» **TASK BRIEF**
Retype the whole listing exactly. Leave out pictures.
== INPUT DATA ==
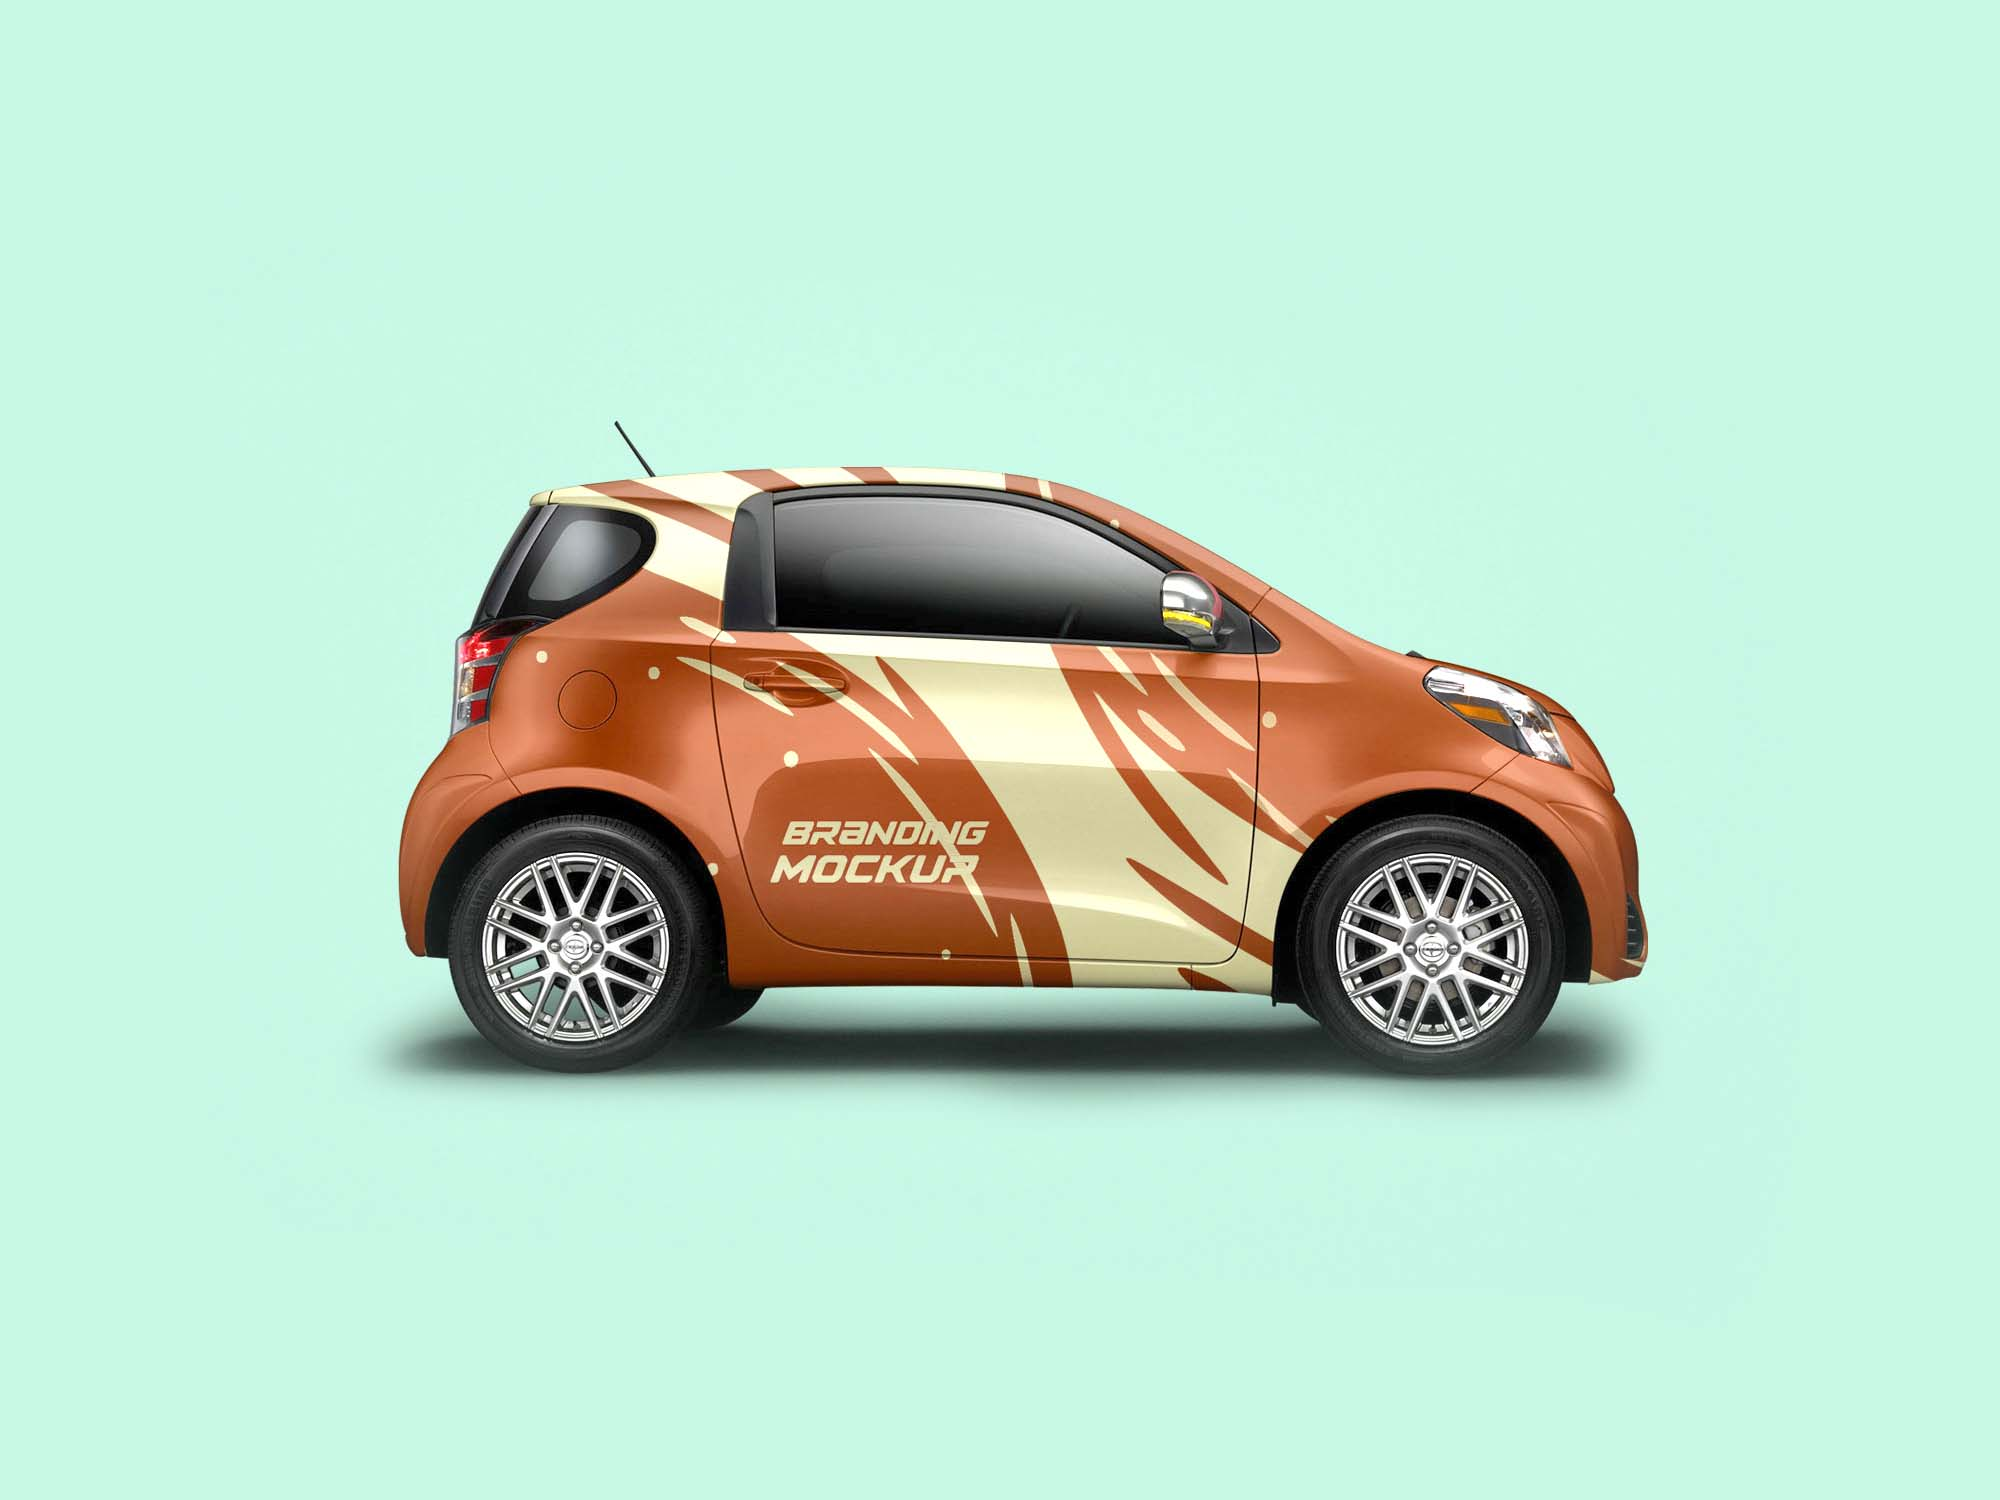 Mini Electric Car Branding Mockup
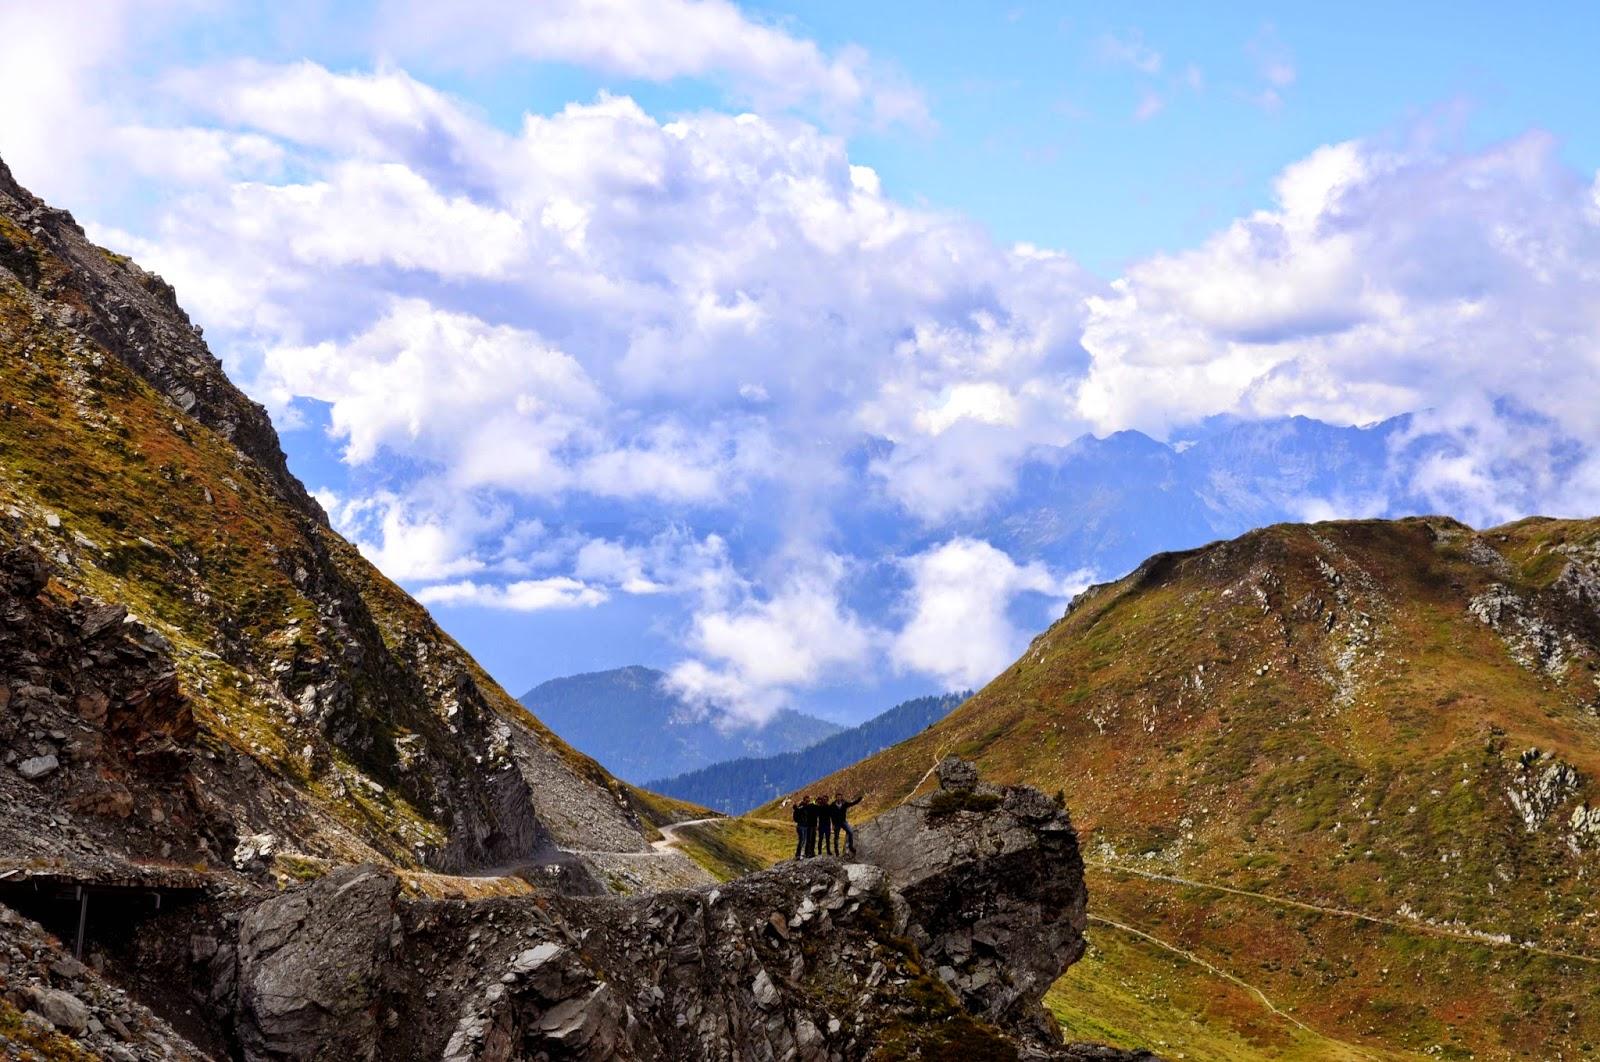 Col de Mines Verbier Randonnée Hike excursión Lac des Vaux
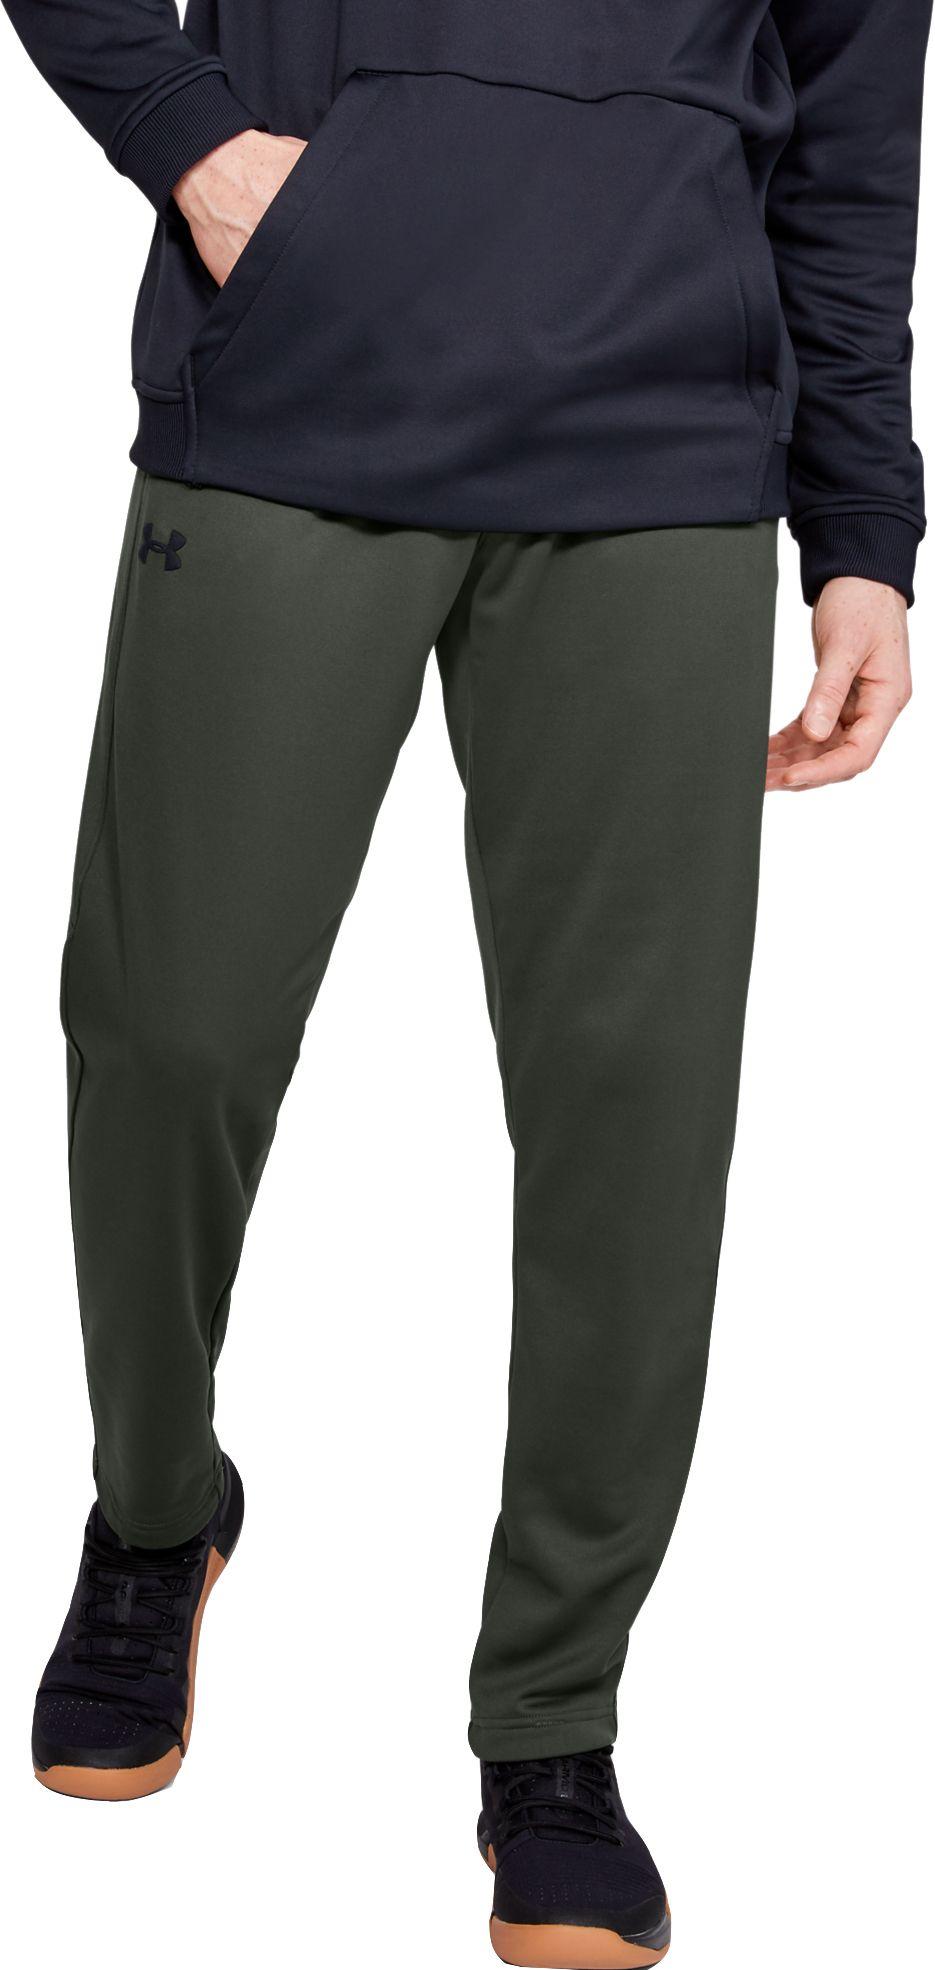 Men/'s Under Armour Cold Gear Storm Loose Fit Sweat Pants Water Resistant
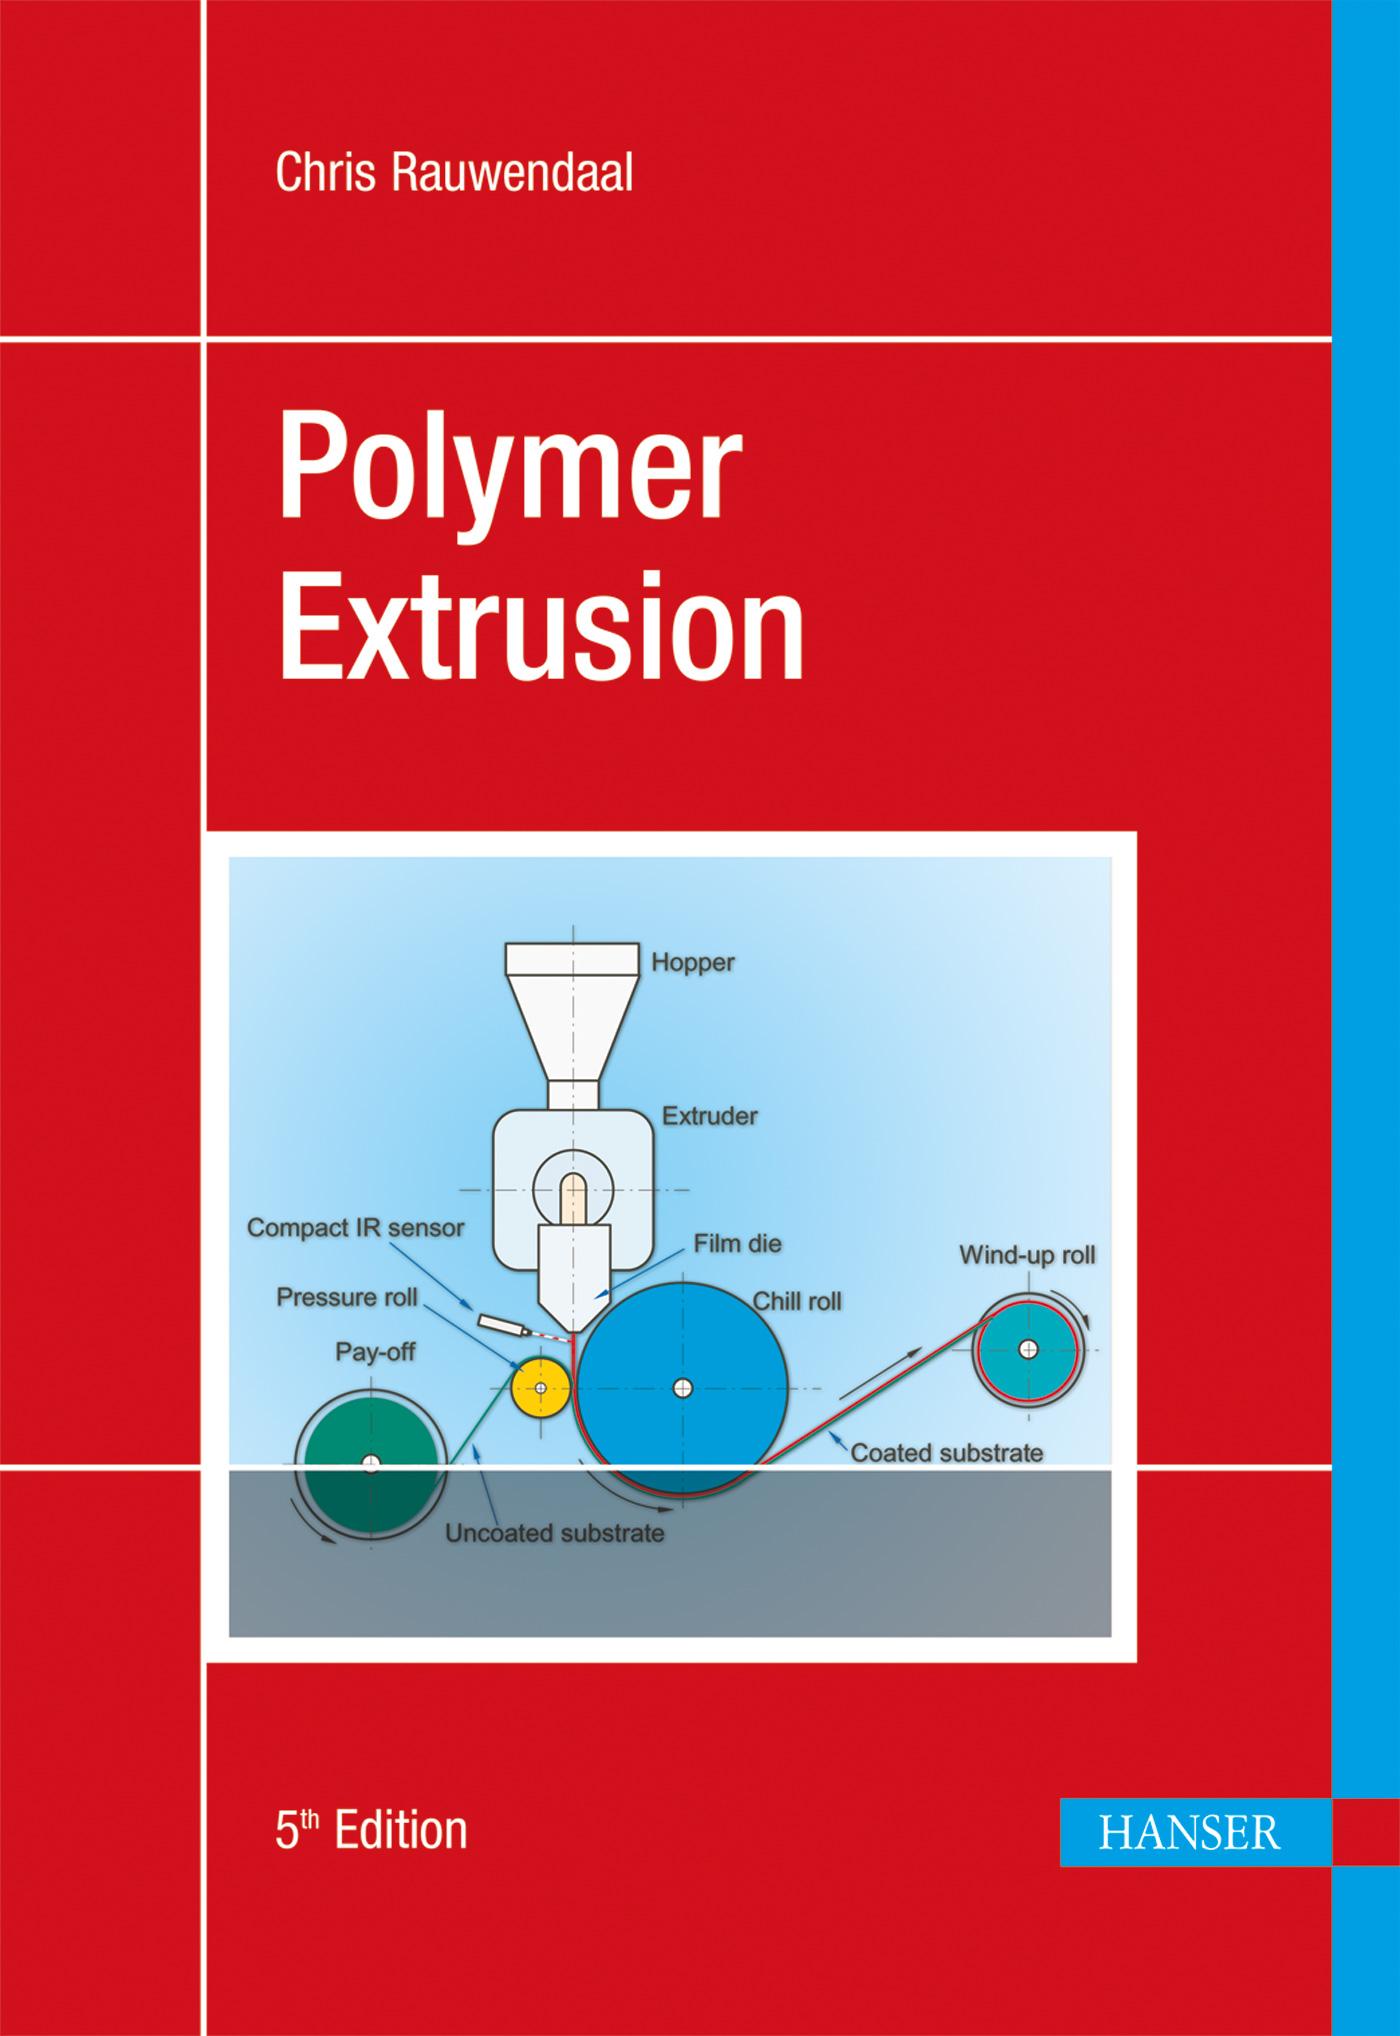 Rauwendaal, Polymer Extrusion, 978-1-56990-516-6
===
» **EXERCISE OUTPUT**
 Mini Electric Car Branding Mockup
 Col de Mines Verbier Randonnée Hike excursión Lac des Vaux
 Men/'s Under Armour Cold Gear Storm Loose Fit Sweat Pants Water Resistant
 Rauwendaal, Polymer Extrusion, 978-1-56990-516-6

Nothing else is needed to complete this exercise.